Carla Lazzari (born 19 August 2005), better known by her mononym Carla, is a French singer and television presenter. She represented France in the Junior Eurovision Song Contest 2019 with the song "Bim bam toi", finishing fifth, and was one of the hosts for the Junior Eurovision Song Contest 2021 in Paris.

Biography 
Lazzari is from Châteauneuf-Villevieille near Nice in the Alpes-Maritimes department in southeastern France. She was born into a family of musicians and singers. She is of Spanish-Italian descent. At the age of 5 she entered the Conservatory of Nice.

In 2018, she reached the final of The Voice Kids France, and finished in fourth place. In 2019, she was selected by France Télévisions to represent France with the song "Bim bam toi" at that year's Junior Eurovision Song Contest in Gliwice, Poland. She ended 5th at the contest, with 169 points.

In June 2020, she released her first album, L'autre moi (English: 'The Other Me') and a music video for its title track. Her song Bim bam toi was also nominated for Song of the Year.

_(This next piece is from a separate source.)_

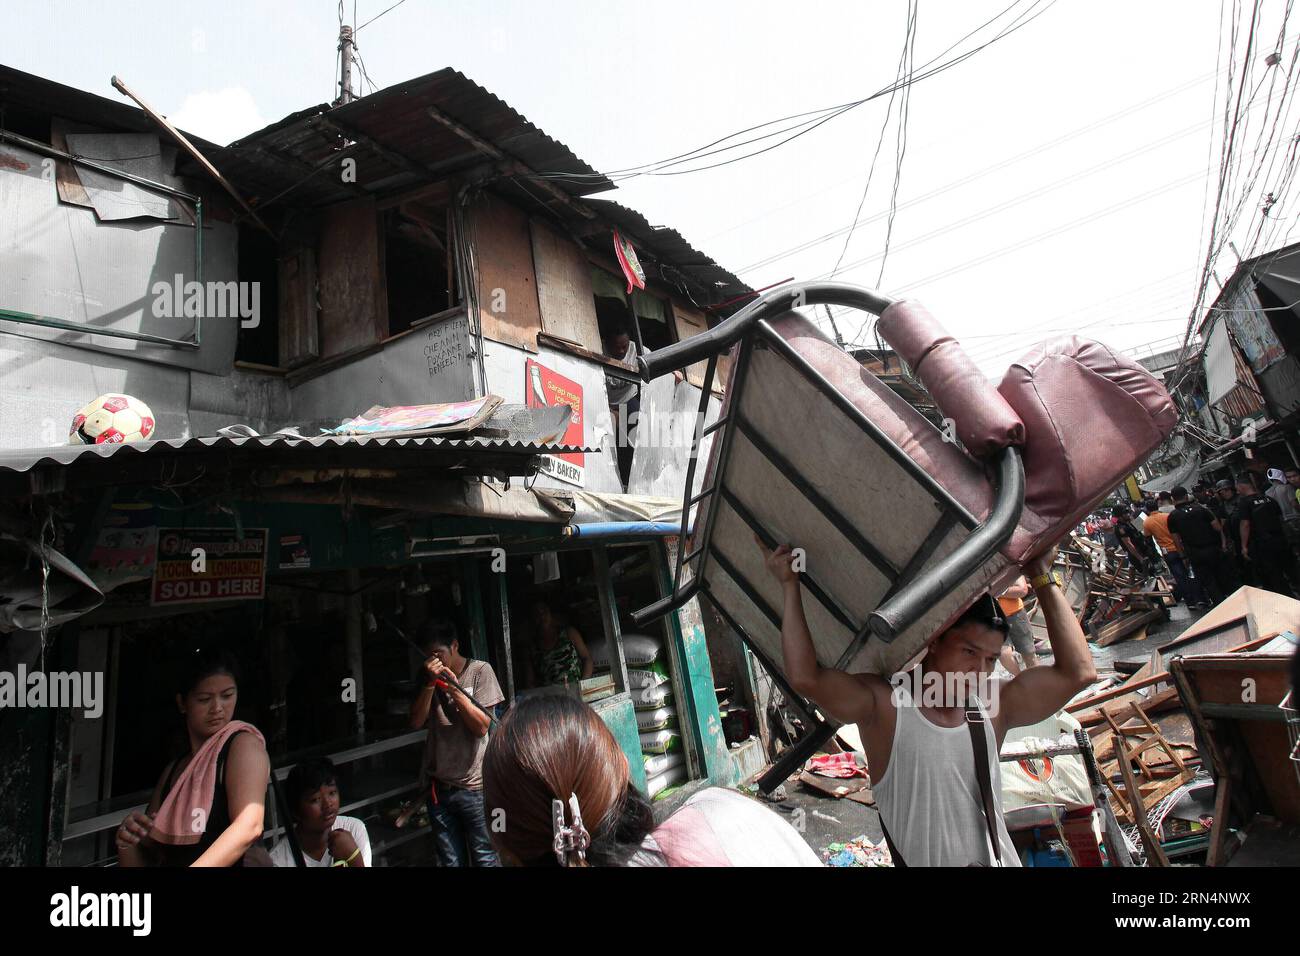 AKTUELLES ZEITGESCHEHEN Philippinen: Ausschreitungen bei Räumung und Abriss eines Armenviertels (150526) -- CITTÀ DI CALOOCAN, 26 maggio 2015 -- i residenti evacuano con i loro effetti personali mentre le squadre di demolizione smontano le baraccopoli nella città di Caloocan, Filippine, 26 maggio 2015. Quattro persone sono rimaste ferite mentre altre due sono state arrestate dopo che i residenti si sono scontrati con le autorità. 500 famiglie sono state lasciate senza tetto nella demolizione della zona baraccopoli. ) FILIPPINE-CALOOCAN CITY-SLUM AREA DEMOLITION RouellexUmali PUBLICATIONxNOTxINxCHN News eventi attuali Filippine Riots at Clearance and Demolition a Poor d Foto Stock

On 24 September 2020, she released a cover of Joe Dassin's song "Siffler sur la colline", along with a music video. In December 2020, she released a deluxe version of L'autre moi, titled L'autre moi (Réédition). The album contained all 13 songs from the original album, plus six additional tracks. The lead single of the deluxe edition was titled "Cœur sur toi" and was released on 4 November 2020.

In April 2021, it was announced that Lazzari would be the spokesperson for France at the Eurovision Song Contest 2021, reading out the French jury points at the grand final. On 4 June 2021, she released a new single titled "Alors chut", the first single of her second album Sans Filtre. The second single of this album, "Summer Summer", was released on 23 July 2021.

On 21 August 2021, an emote was added to Fortnite which featured "Bim bam toi". The emote was titled "Bim Bam Boom" and consisted of dance moves from the official music video. 

Lazzari co-hosted the Junior Eurovision Song Contest 2021 in Paris, alongside Olivier Minne and Élodie Gossuin.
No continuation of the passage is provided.